Striking research showing the immense complexity of ordinary thought and revealing the identities of the gatekeepers in our...

A psychologist and Nobel Prize winner summarizes and synthesizes the recent decades of research on intuition and systematic thinking.

The author of several scholarly texts, Kahneman (Emeritus Psychology and Public Affairs/Princeton Univ.) now offers general readers not just the findings of psychological research but also a better understanding of how research questions arise and how scholars systematically frame and answer them. He begins with the distinction between System 1 and System 2 mental operations, the former referring to quick, automatic thought, the latter to more effortful, overt thinking. We rely heavily, writes, on System 1, resorting to the higher-energy System 2 only when we need or want to. Kahneman continually refers to System 2 as “lazy”: We don’t want to think rigorously about something. The author then explores the nuances of our two-system minds, showing how they perform in various situations. Psychological experiments have repeatedly revealed that our intuitions are generally wrong, that our assessments are based on biases and that our System 1 hates doubt and despises ambiguity. Kahneman largely avoids jargon; when he does use some (“heuristics,” for example), he argues that such terms really ought to join our everyday vocabulary.

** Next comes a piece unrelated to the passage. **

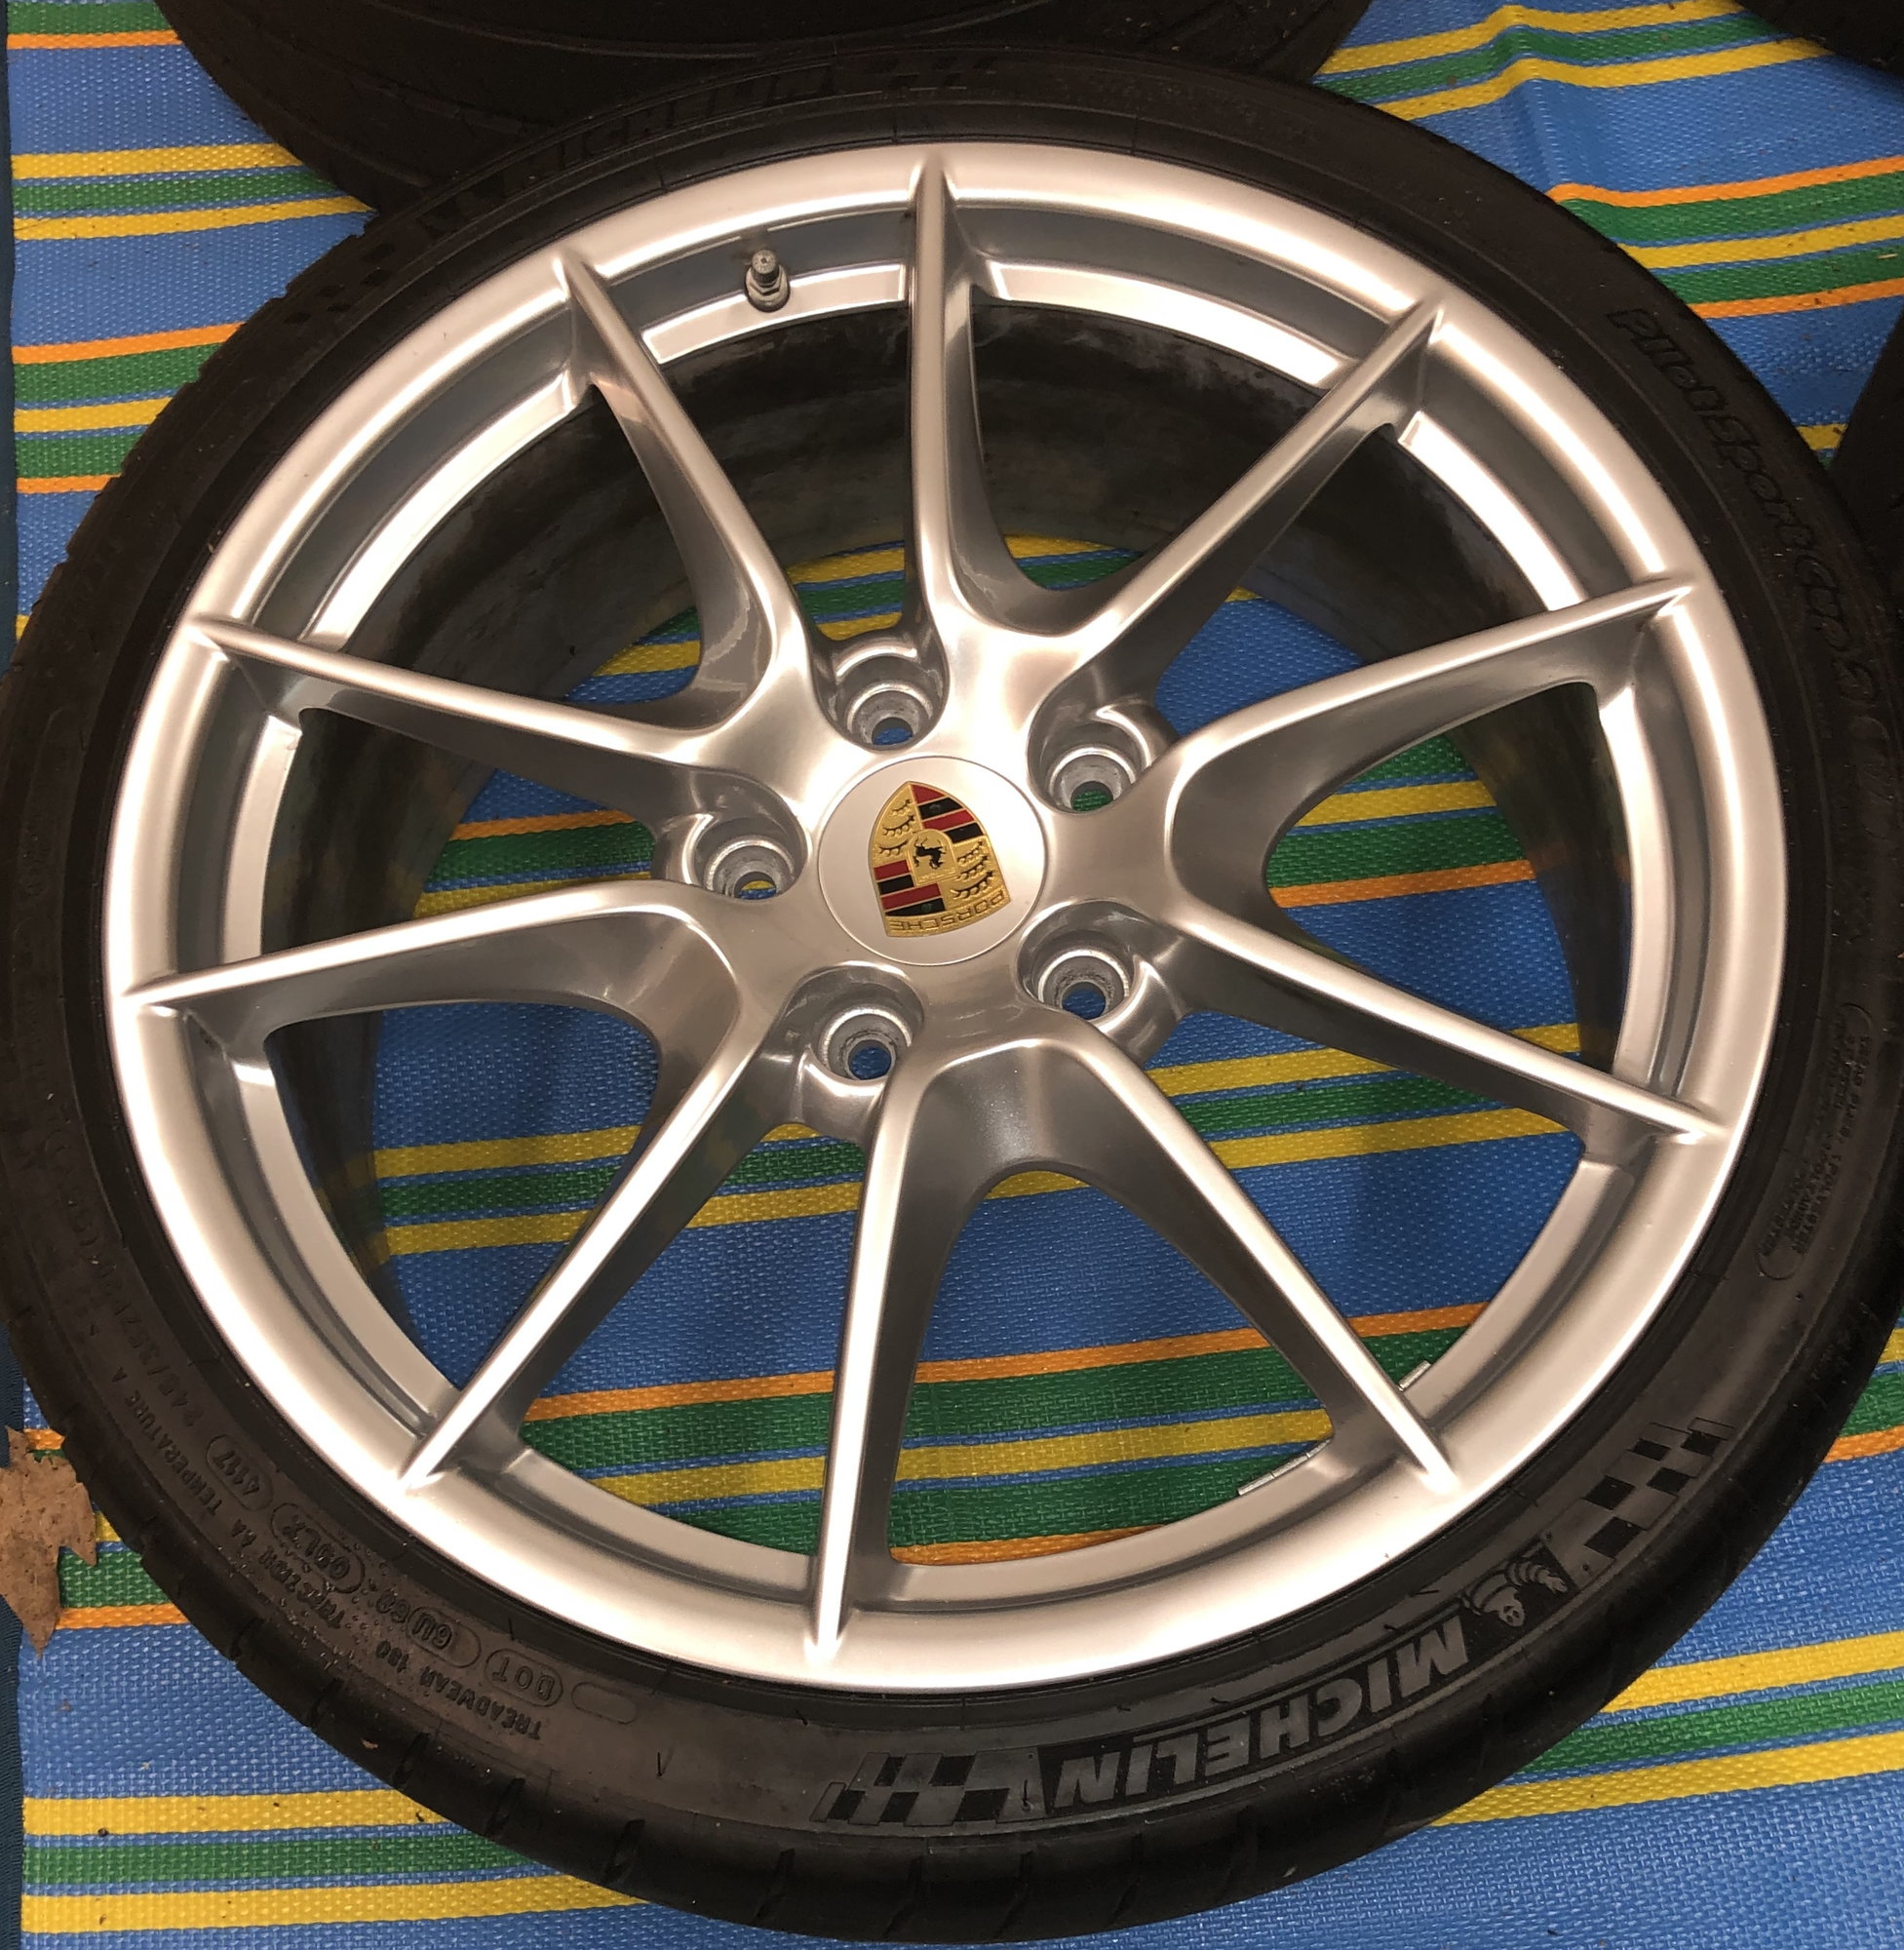 Wheels and Tires/Axles - Porsche 911 991 OEM Carrera S Wheel Tire Set 20" Michelin Pilot Sport Cup 2 N1 - Used - 2012 to 2019 Porsche 911 - Weston, MA 02481, United States

He reviews many fundamental concepts in psychology and statistics (regression to the mean, the narrative fallacy, the optimistic bias), showing how they relate to his overall concerns about how we think and why we make the decisions that we do. Some of the later chapters (dealing with risk-taking and statistics and probabilities) are denser than others (some readers may resent such demands on System 2!), but the passages that deal with the economic and political implications of the research are gripping.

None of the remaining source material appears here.